Creative Work Didn't Die. It Just Got Devalued.
Let's be honest about what happened, because the industry is still telling itself a comforting story.
AI didn't kill creativity. Creativity is fine. What AI killed is the pricing power of execution. The hours of crafting a deck, polishing copy, comping a layout, producing a variant — that work is still happening, but the market's willingness to pay premium rates for it is evaporating. Once the marginal cost of producing a "good enough" version drops to near zero, the market reprices the entire category downward. That's not cultural decline. That's basic economics.
This explains the strange feeling everyone in creative roles has right now: the work feels just as hard, the outputs feel just as polished, but the value the market assigns to it keeps shrinking. You're not imagining it. The market has decided that "good enough" is, in fact, good enough — for most use cases. And "most use cases" is where most of the revenue lived.

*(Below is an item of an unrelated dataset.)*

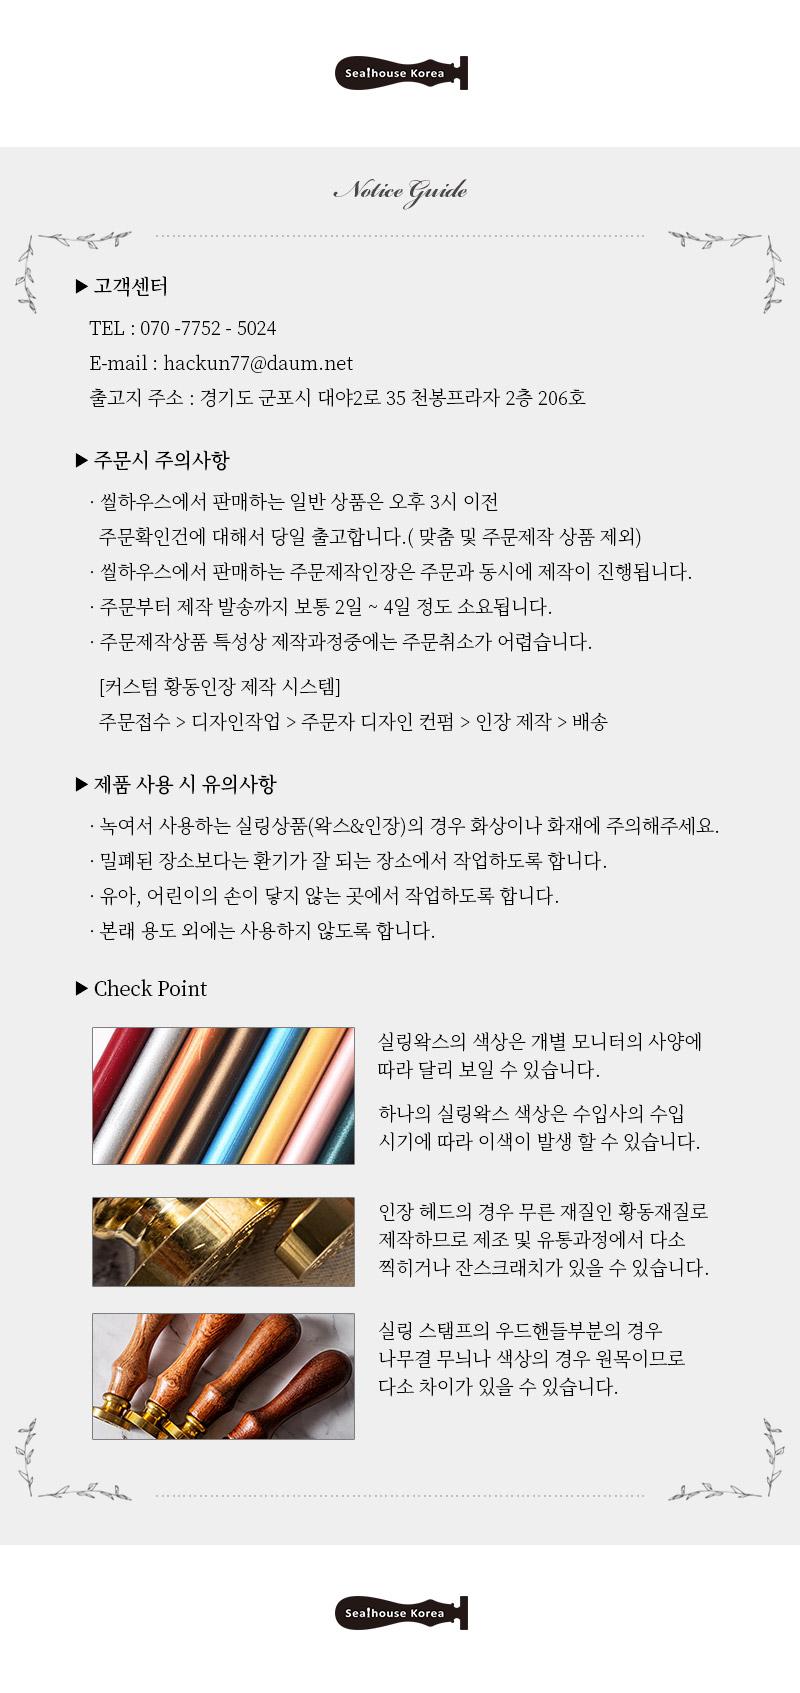 실링왁스 글루건 11mm 씰하우스 - 씰하우스, 2,900원, 스탬프, 씰링/잉크

The defensive reflex is to argue that AI can't really be creative, that the ideas are still derivative, that humans bring something irreplaceable. All of that is partially true and almost entirely beside the point. Markets don't pay for irreplaceability in theory. They pay for outcomes. If a "good enough" output gets the result for one tenth the cost, the buyer will choose it, and feel reasonable doing so. The premium tier will survive — it always does — but it will be smaller, more specialized, and harder to enter than it used to be.
There's a more useful distinction underneath all of this. Generating ideas and selecting ideas are different acts. AI is extraordinarily good at the first and largely useless at the second. It can produce a thousand directions. It cannot tell you which one is the right direction for this brand, this moment, this audience, this risk. That selection — done well — is closer to taste, judgment, and editorial nerve than to "creativity" in the romantic sense. And that's where the remaining pricing power lives.
Here's the part the industry doesn't like to admit: a lot of what was sold as "creative work" for the last twenty years was actually production work in a creative wrapper. The wrapper is what's getting commoditized. The strategic, editorial, perspective-driven work — the work of deciding what should exist — is not getting commoditized. But it was always a smaller share of the spend than the industry pretended.
Companies have made this worse by misunderstanding what they were buying. They assumed they were paying for ideas. They were largely paying for execution capacity, and they're now realizing they don't need to pay as much for it. Agencies that responded by leaning further into volume — more decks, more variants, more retainers — accelerated their own devaluation. The ones repositioning around judgment, point of view, and risk-bearing decisions are the ones holding rates.
Creative work isn't dead. The economics under it just shifted, and the people who keep pricing the old way will keep losing. Reprice the work, or get repriced.